- [DATASET RECORDS]:
►

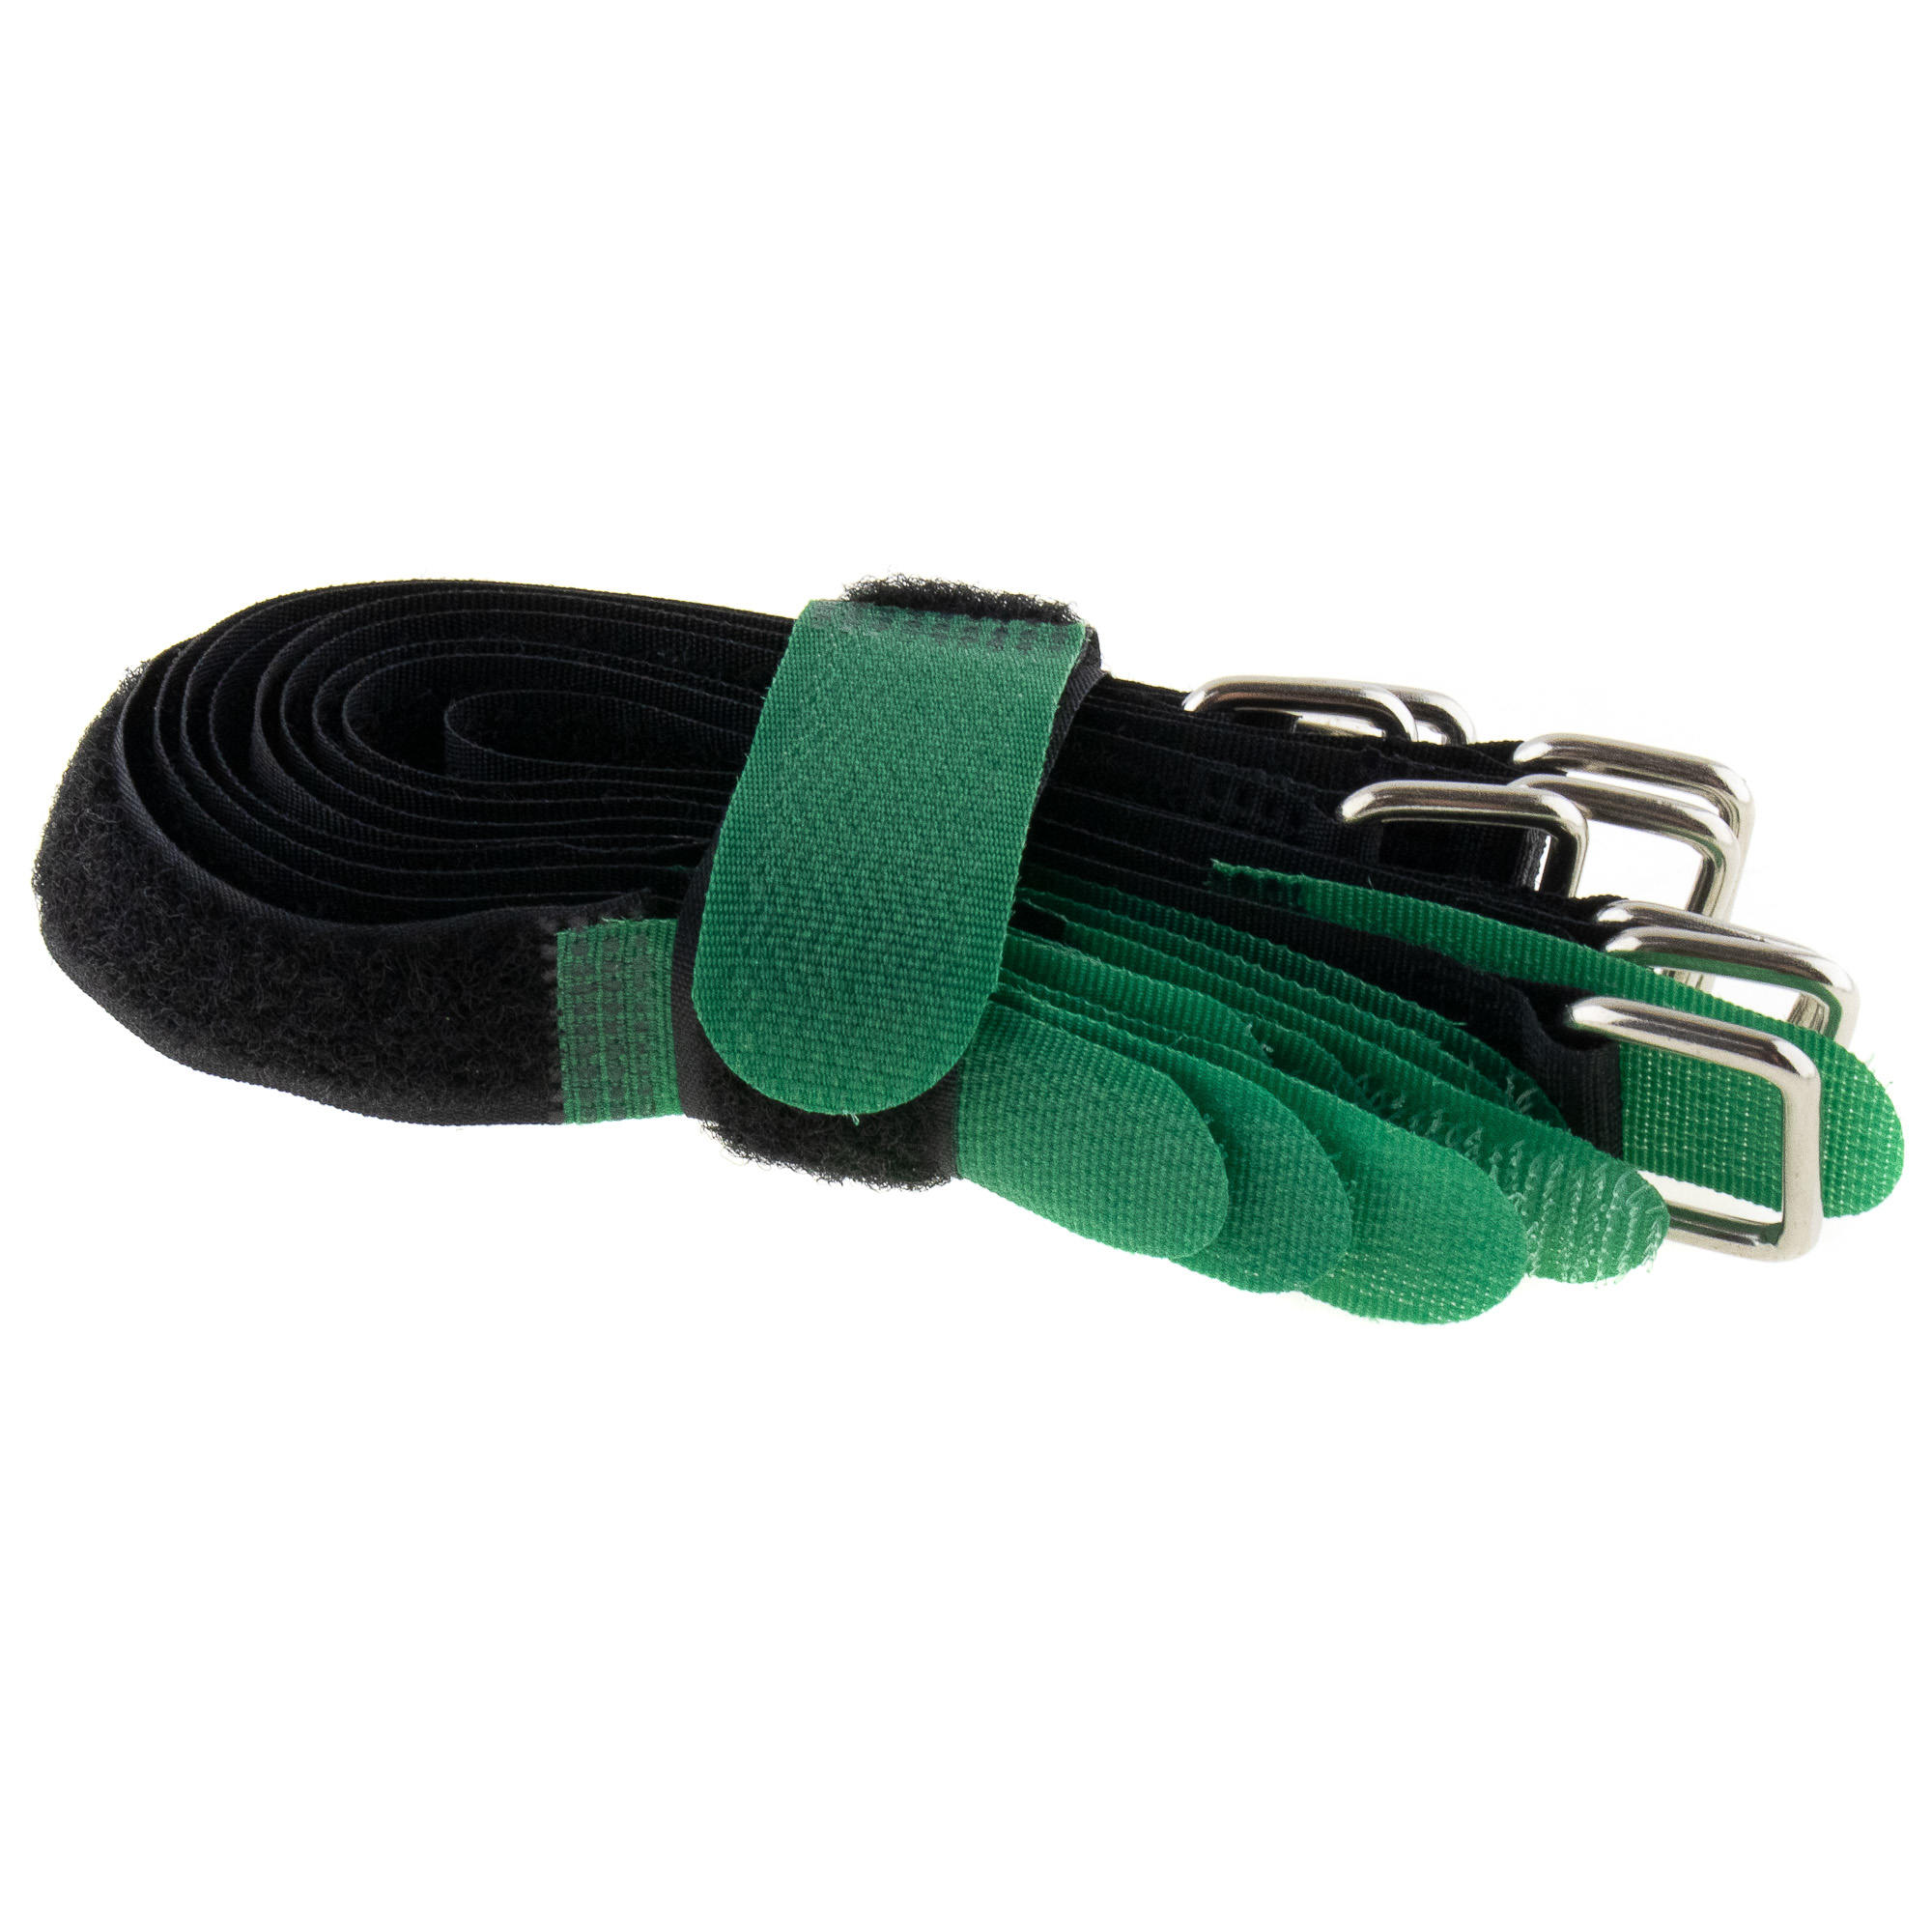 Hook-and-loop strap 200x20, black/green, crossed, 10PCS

◄
►

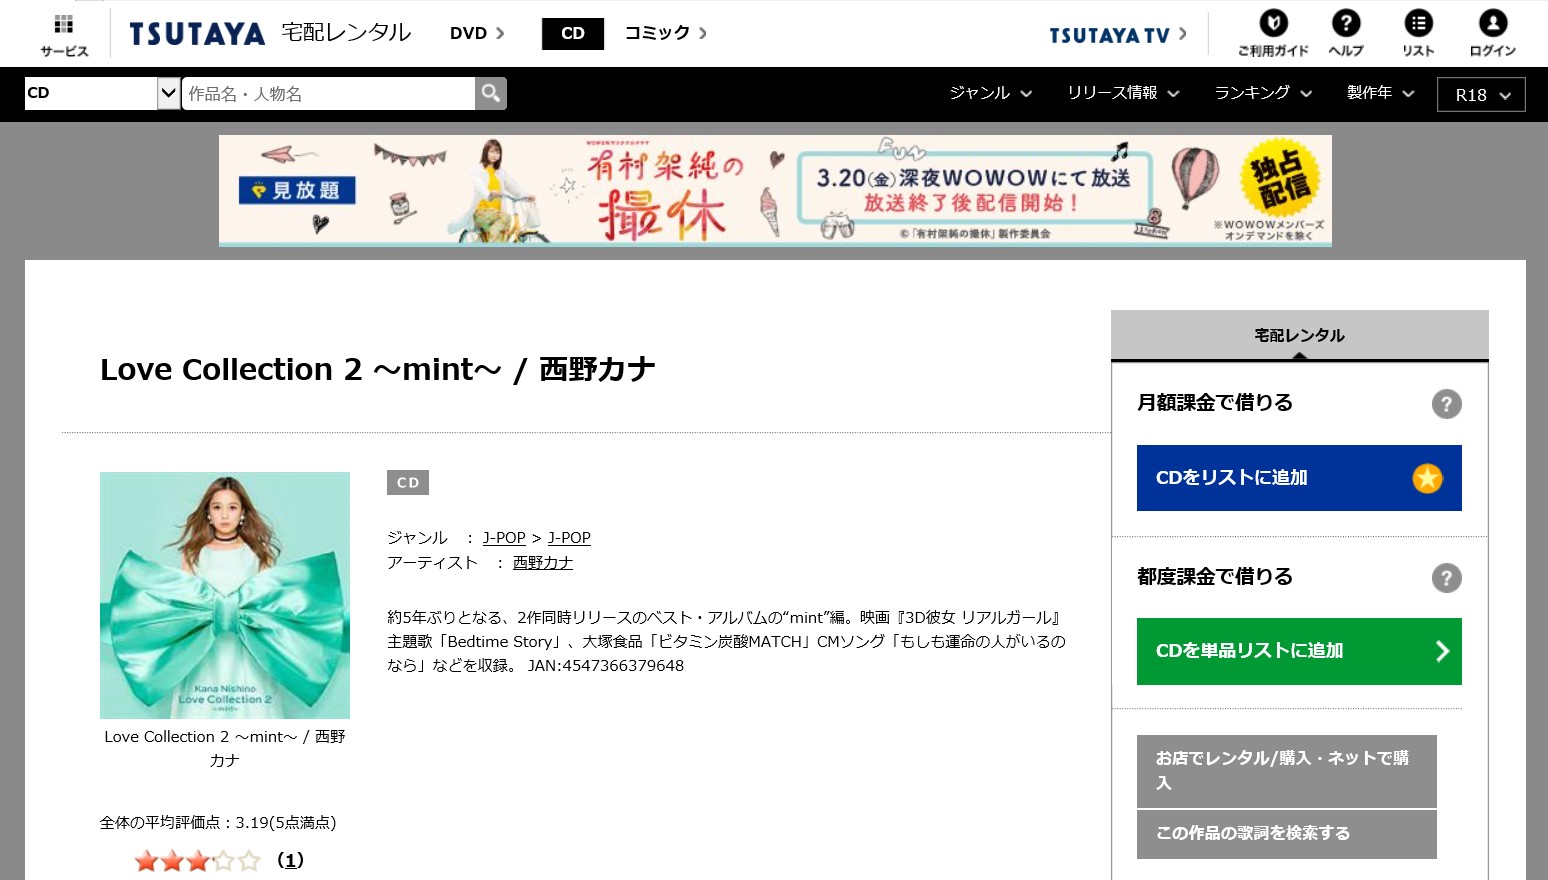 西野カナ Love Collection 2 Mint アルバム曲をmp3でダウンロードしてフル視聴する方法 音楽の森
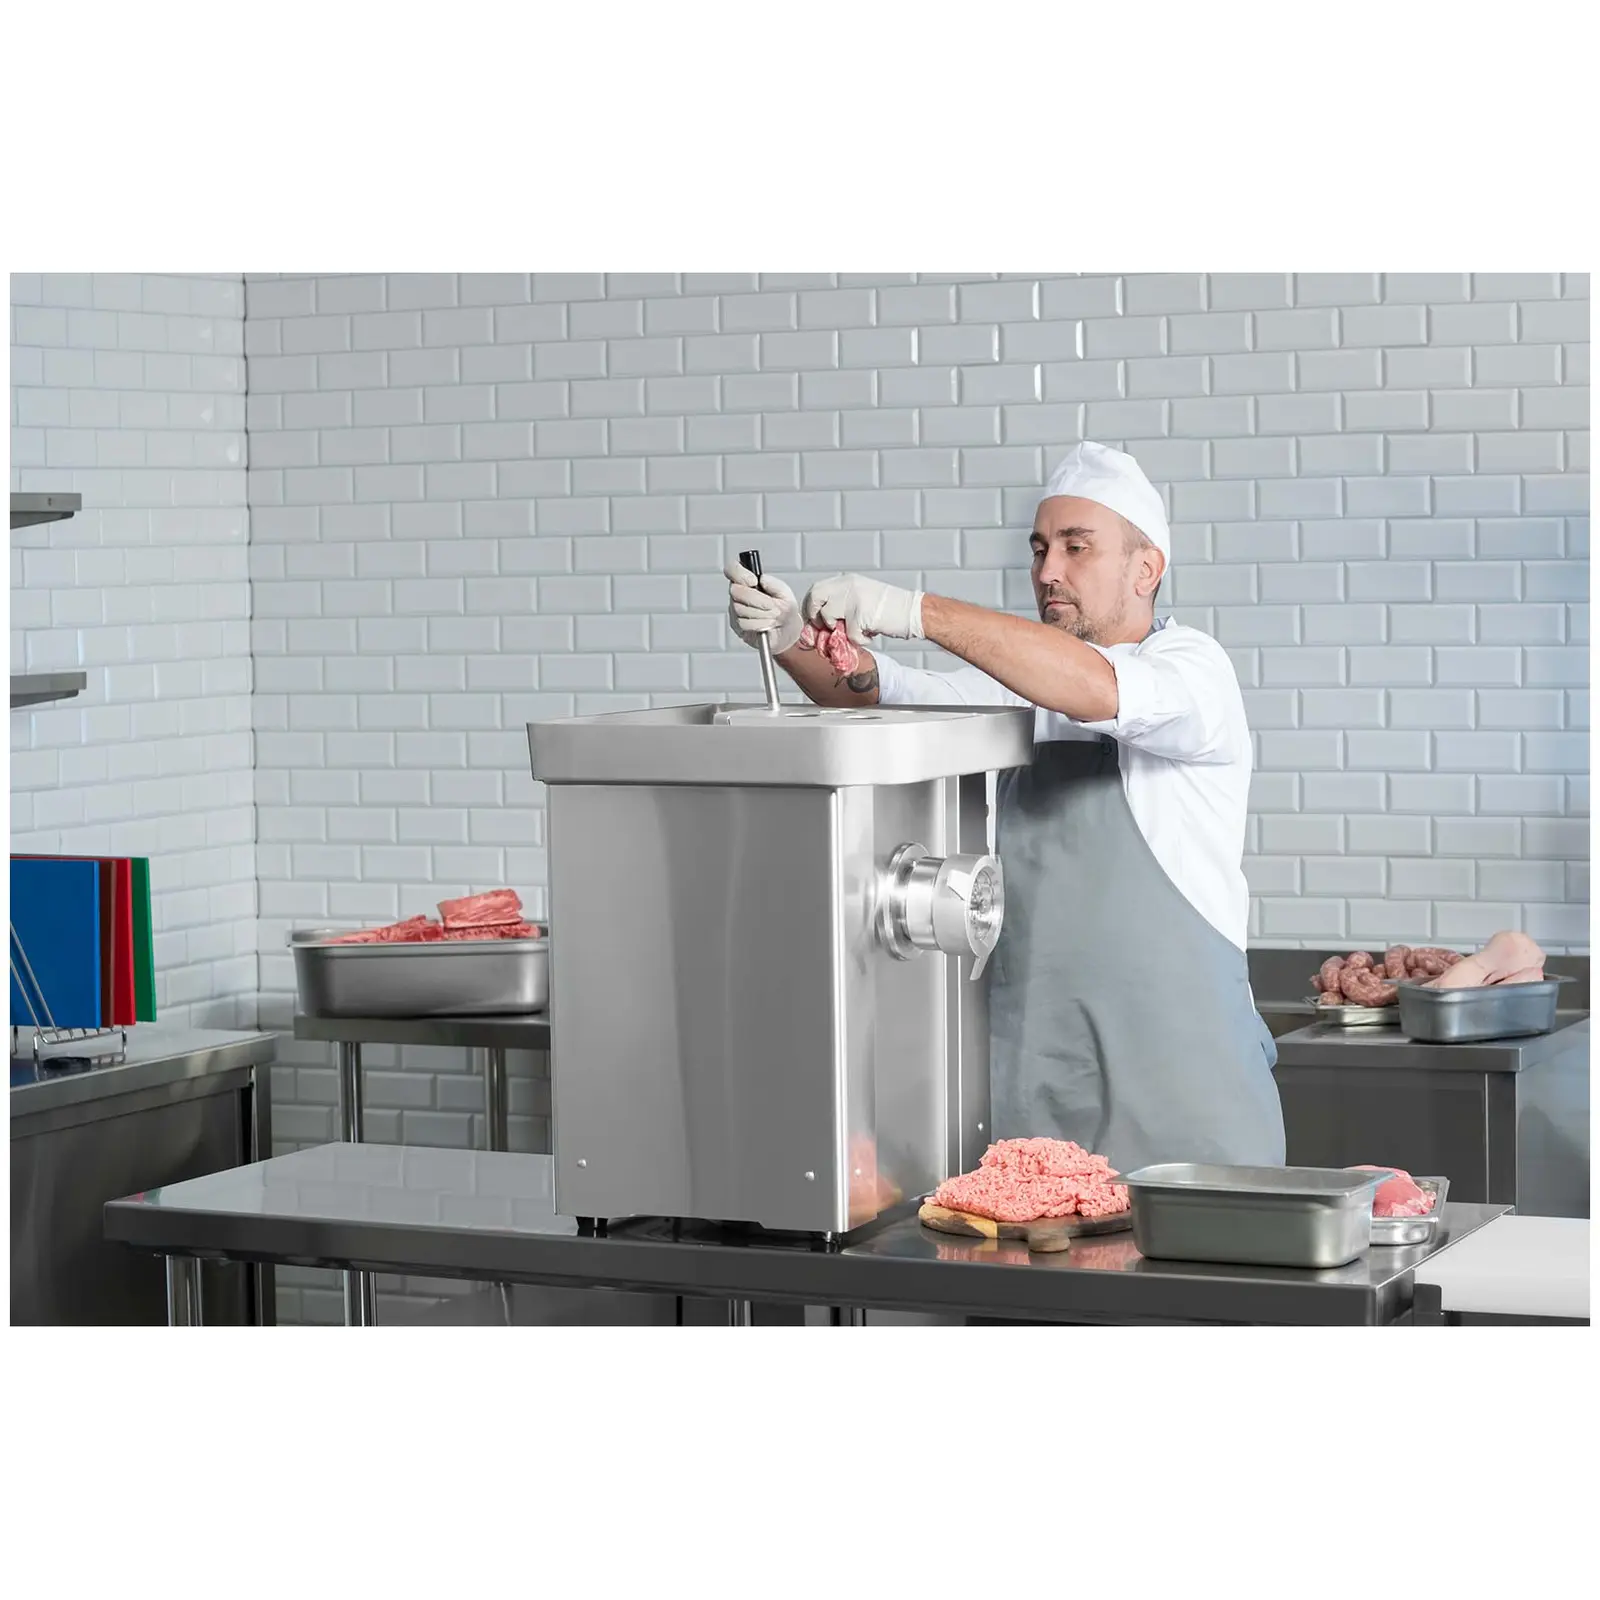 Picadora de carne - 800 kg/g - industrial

◄
►

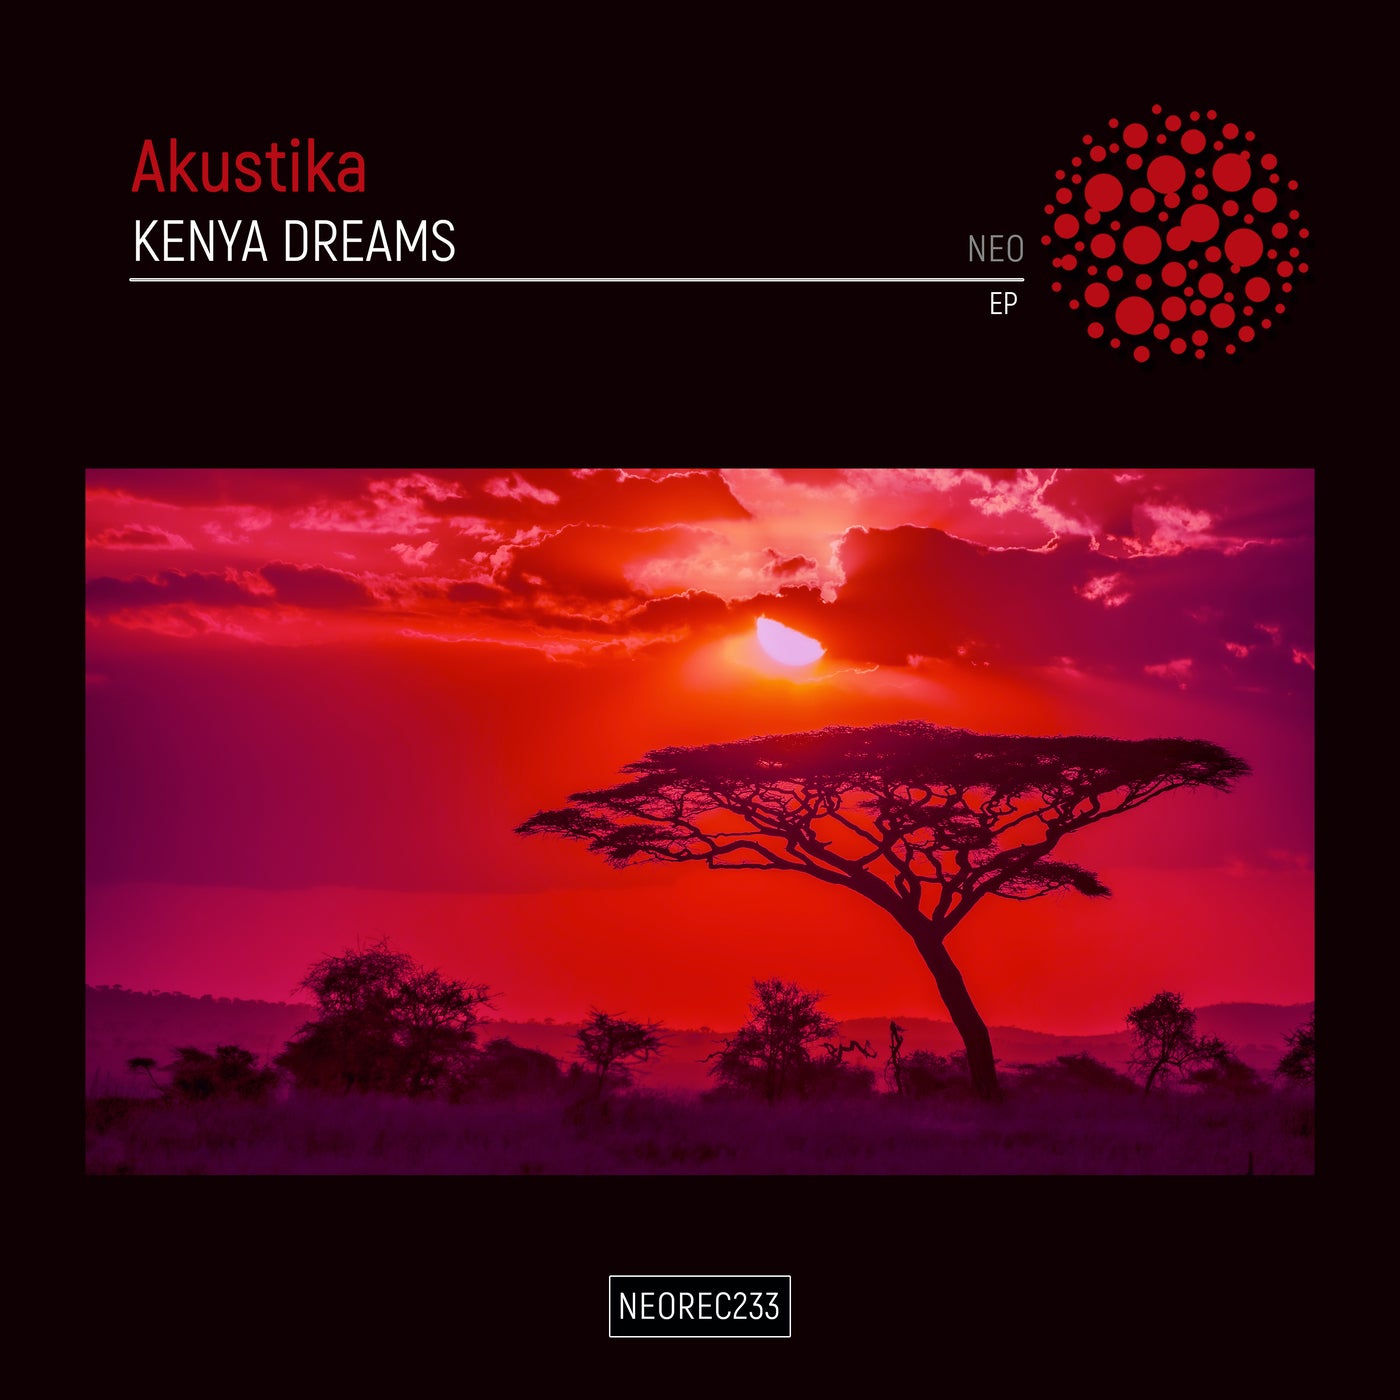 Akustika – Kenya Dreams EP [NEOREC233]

◄

- [INSTRUCTIONS TO FOLLOW]: Both boundary lines included, write out word for word only the lines above from the one containing "西野カナ Love Collection" to the one containing "Picadora de carne - 800 kg/g - industrial", leaving out any pictures.

- [EXPECTED OUTPUT]:
 西野カナ Love Collection 2 Mint アルバム曲をmp3でダウンロードしてフル視聴する方法 音楽の森
 Picadora de carne - 800 kg/g - industrial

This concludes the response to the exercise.